* Task requirements *
Directions for the data below: repeat exactly the lines from the one with "Blue satin midi" through the one with "Balenciaga 5 Pocket", both included, and omit all pictures.

* Stored data *
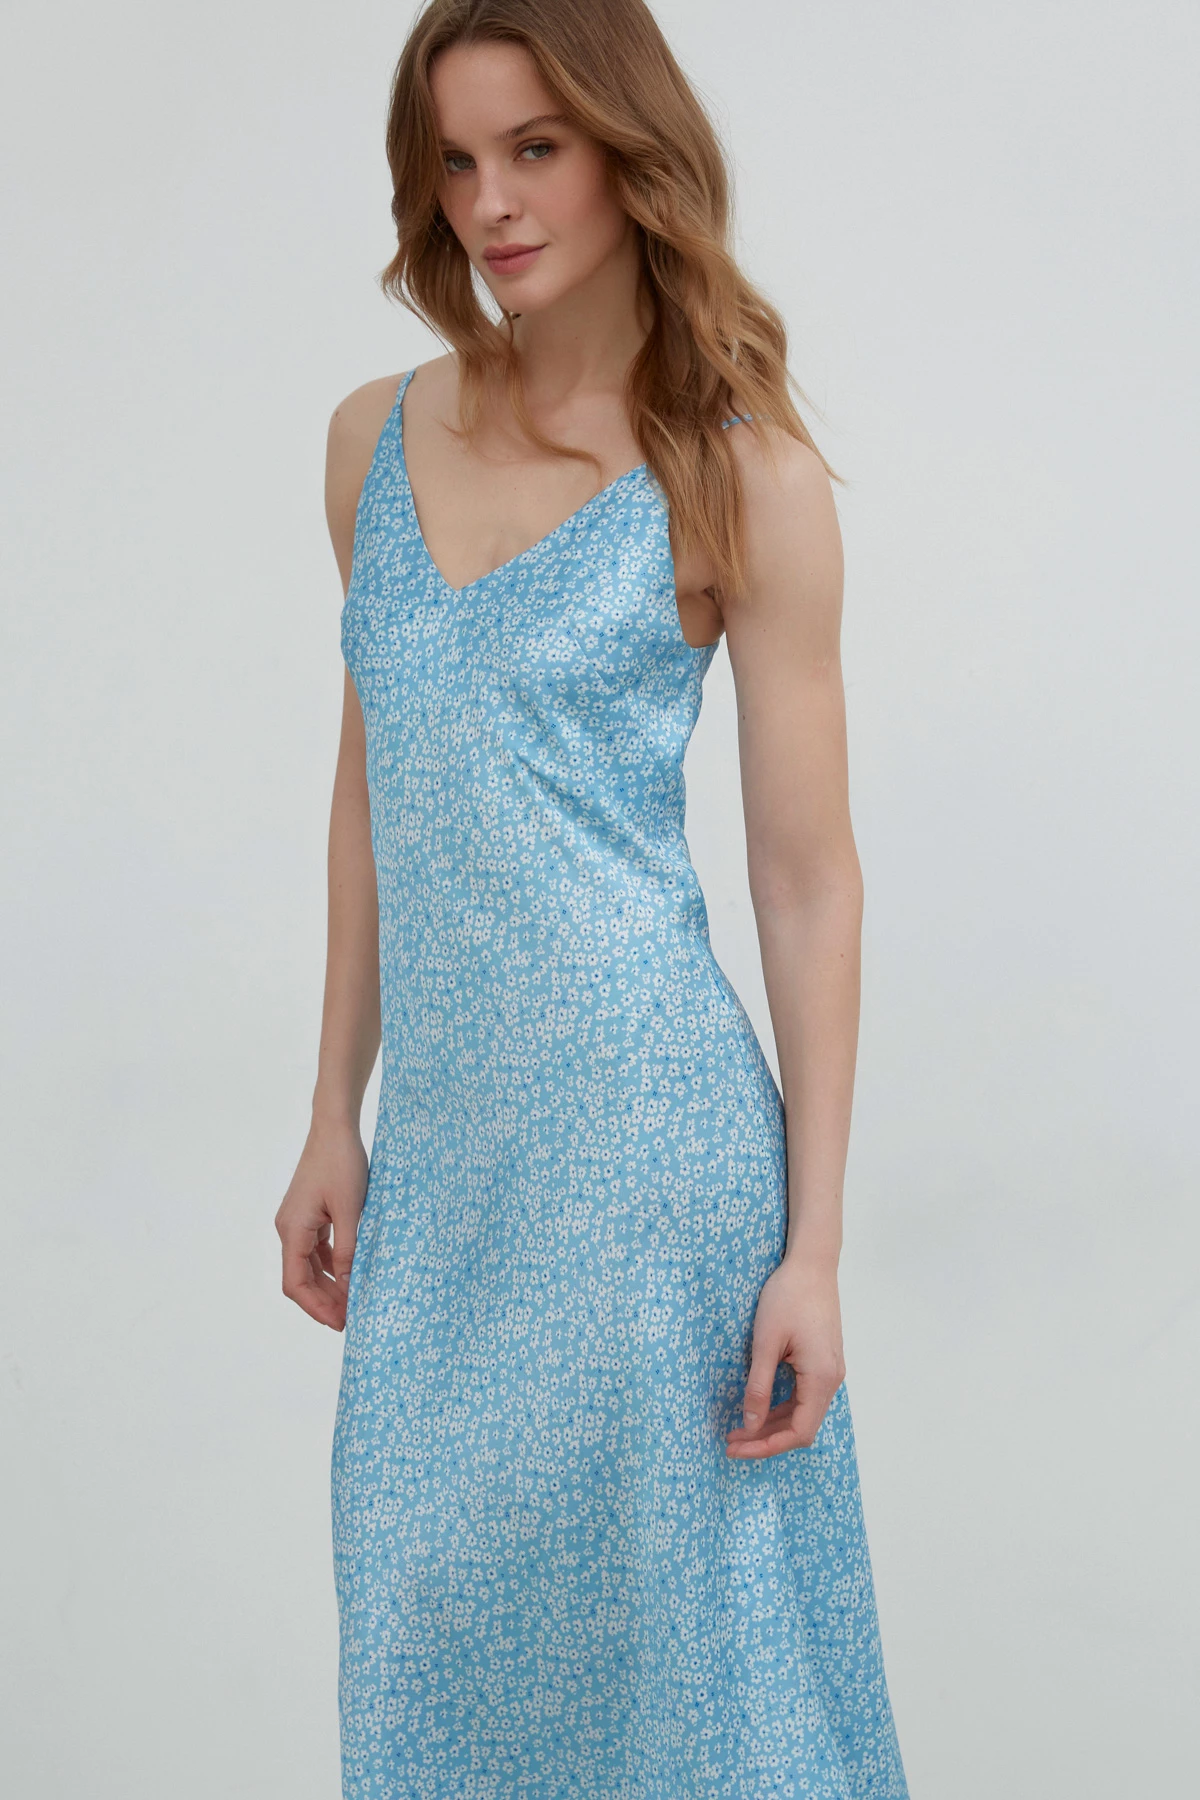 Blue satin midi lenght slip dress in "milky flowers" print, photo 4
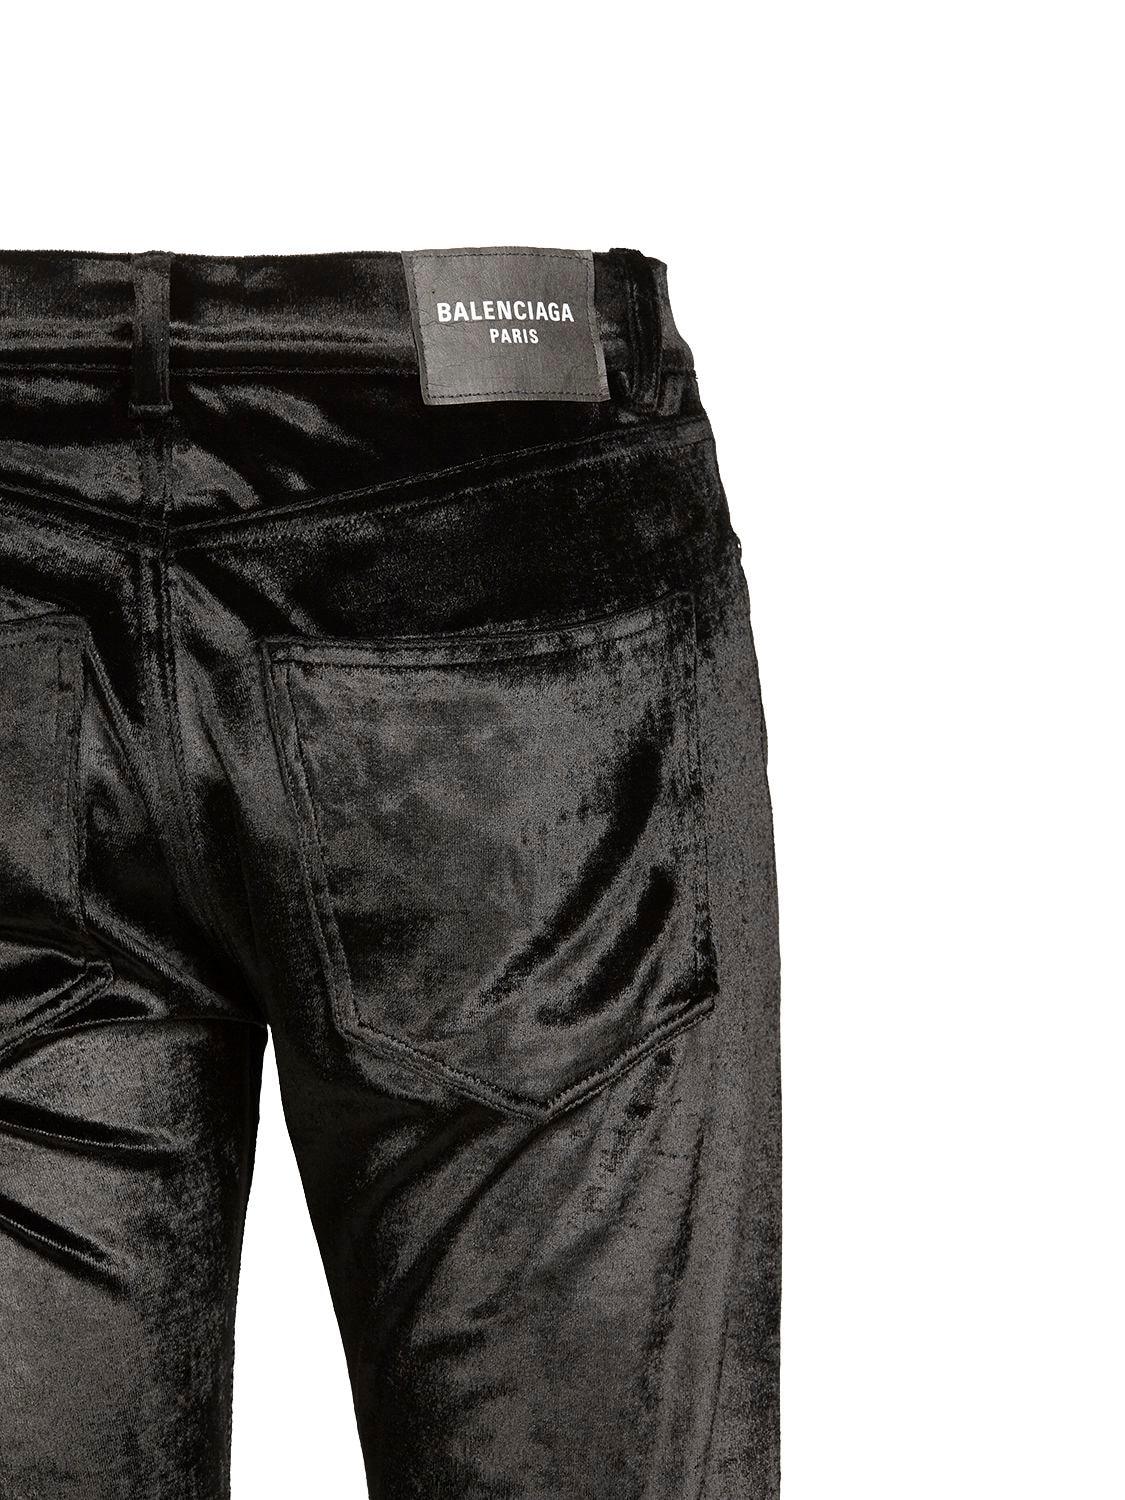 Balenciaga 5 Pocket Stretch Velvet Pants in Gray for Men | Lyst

==

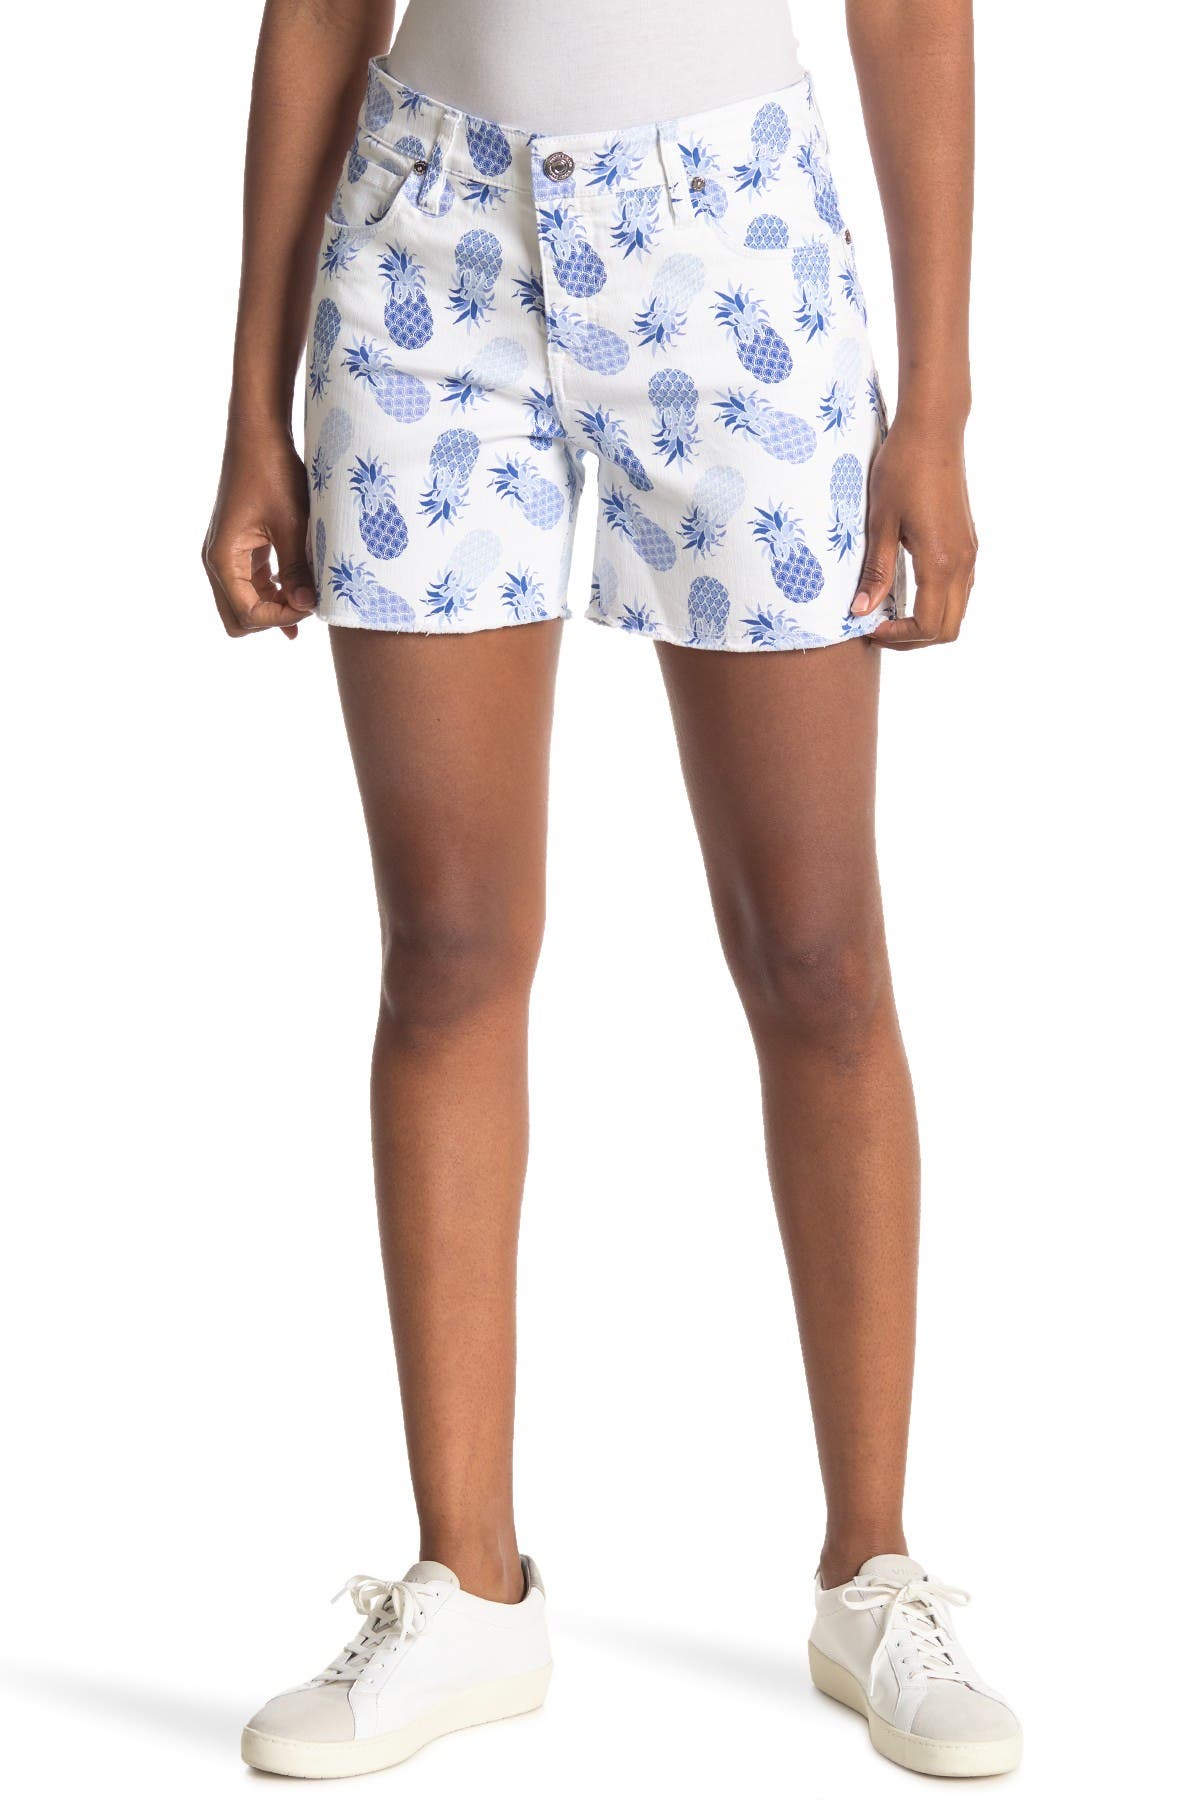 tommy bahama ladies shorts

* * *

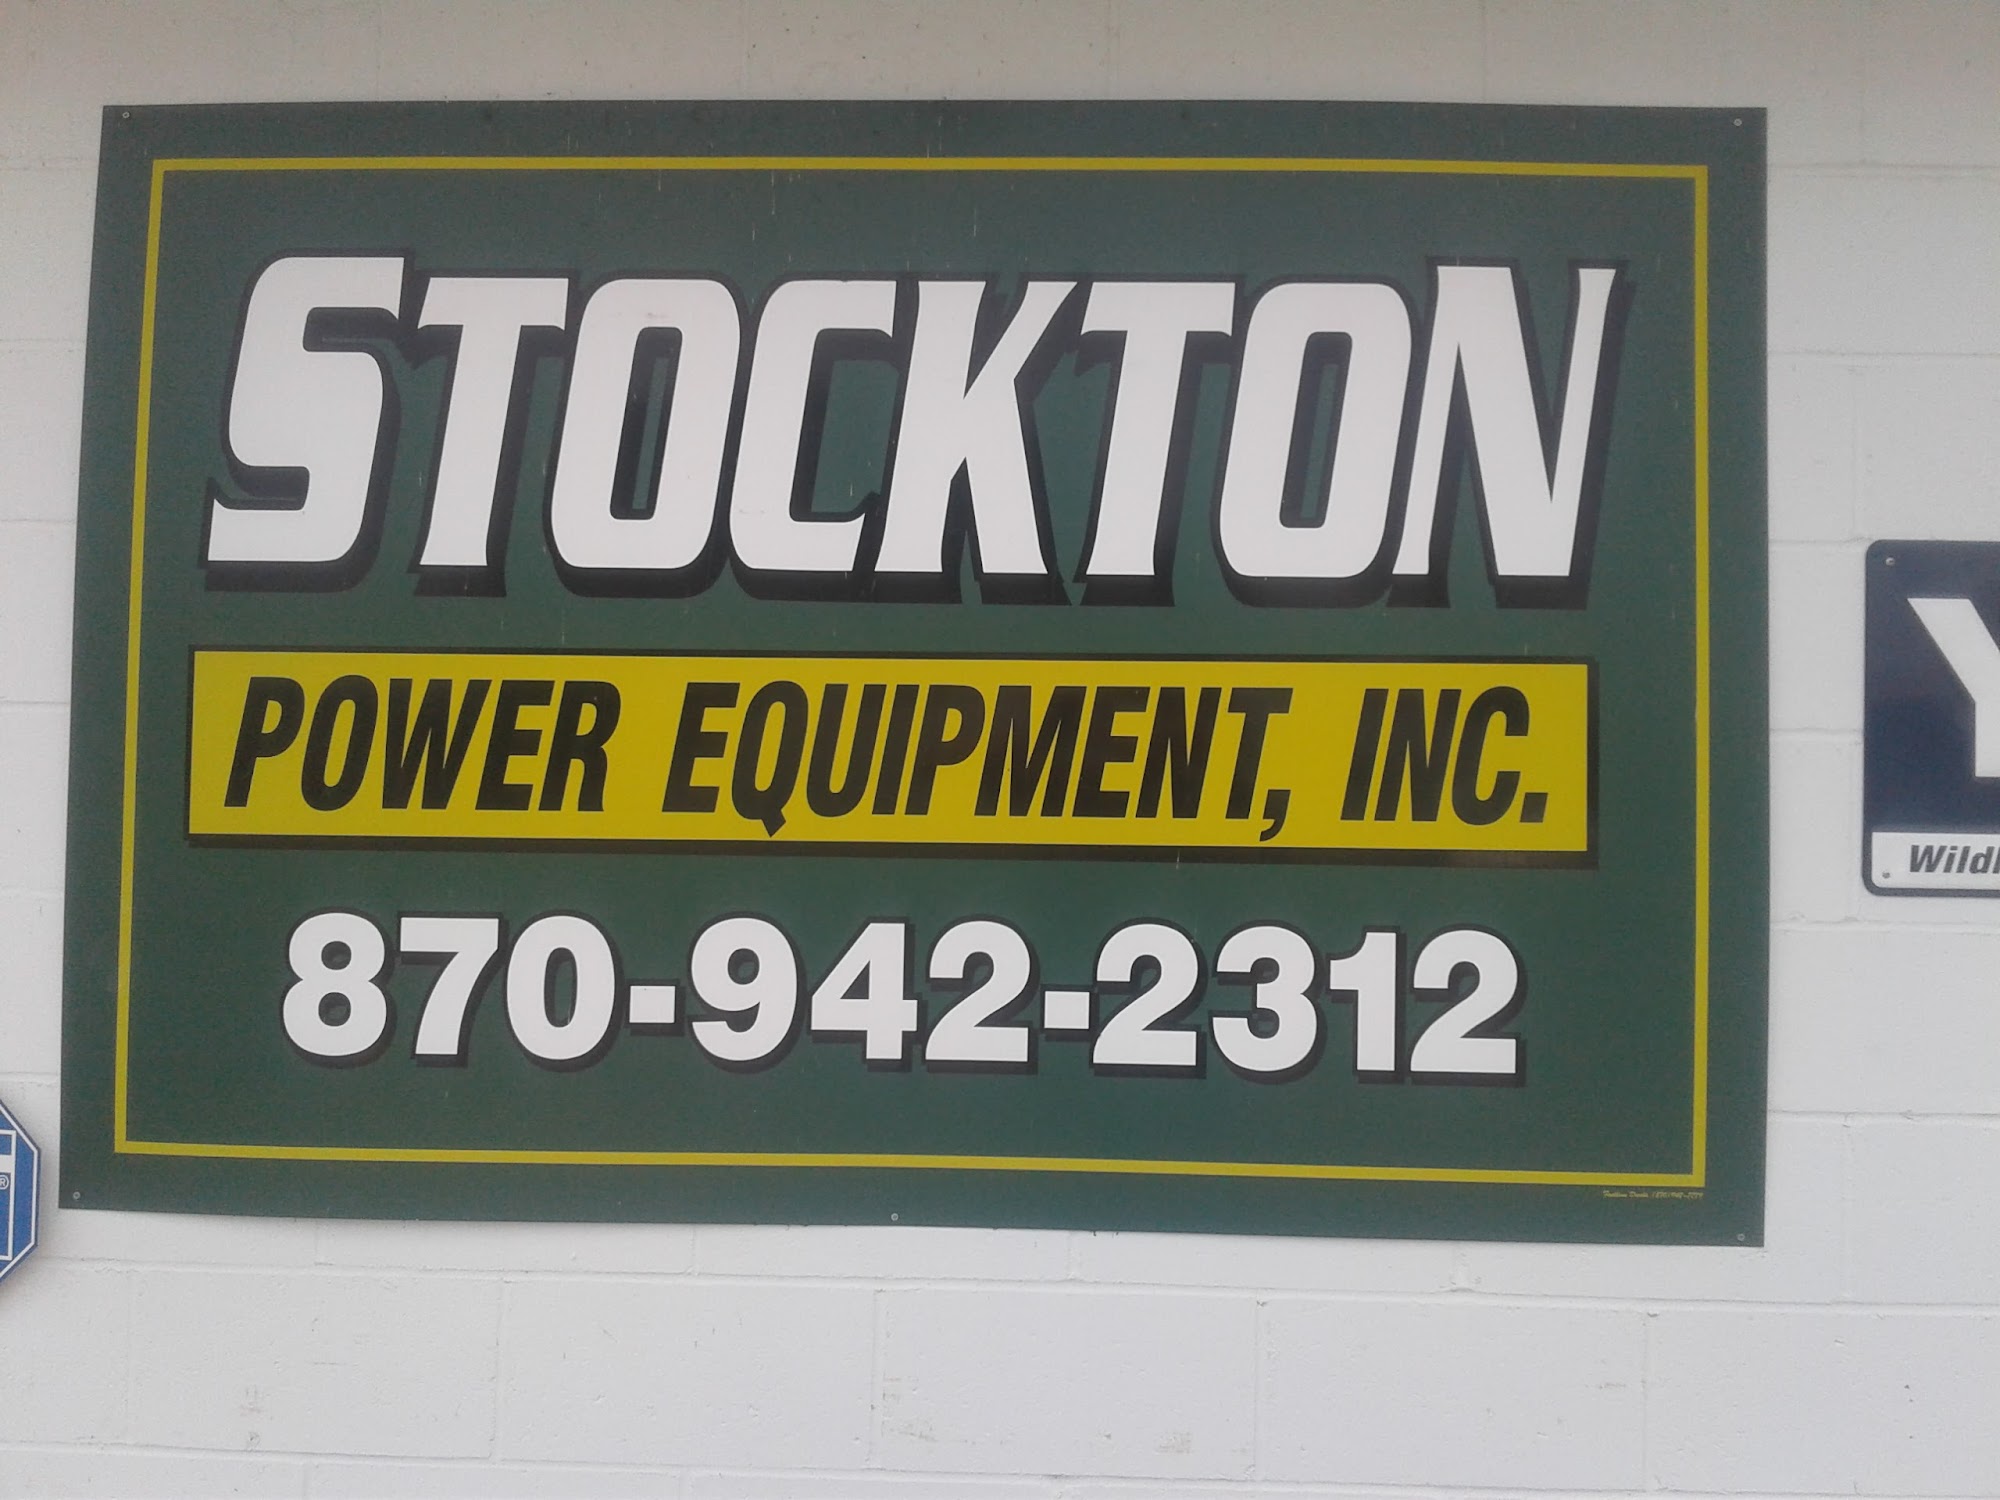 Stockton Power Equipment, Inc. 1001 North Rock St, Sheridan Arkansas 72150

* Written solution *
 Blue satin midi lenght slip dress in "milky flowers" print, photo 4
 Balenciaga 5 Pocket Stretch Velvet Pants in Gray for Men | Lyst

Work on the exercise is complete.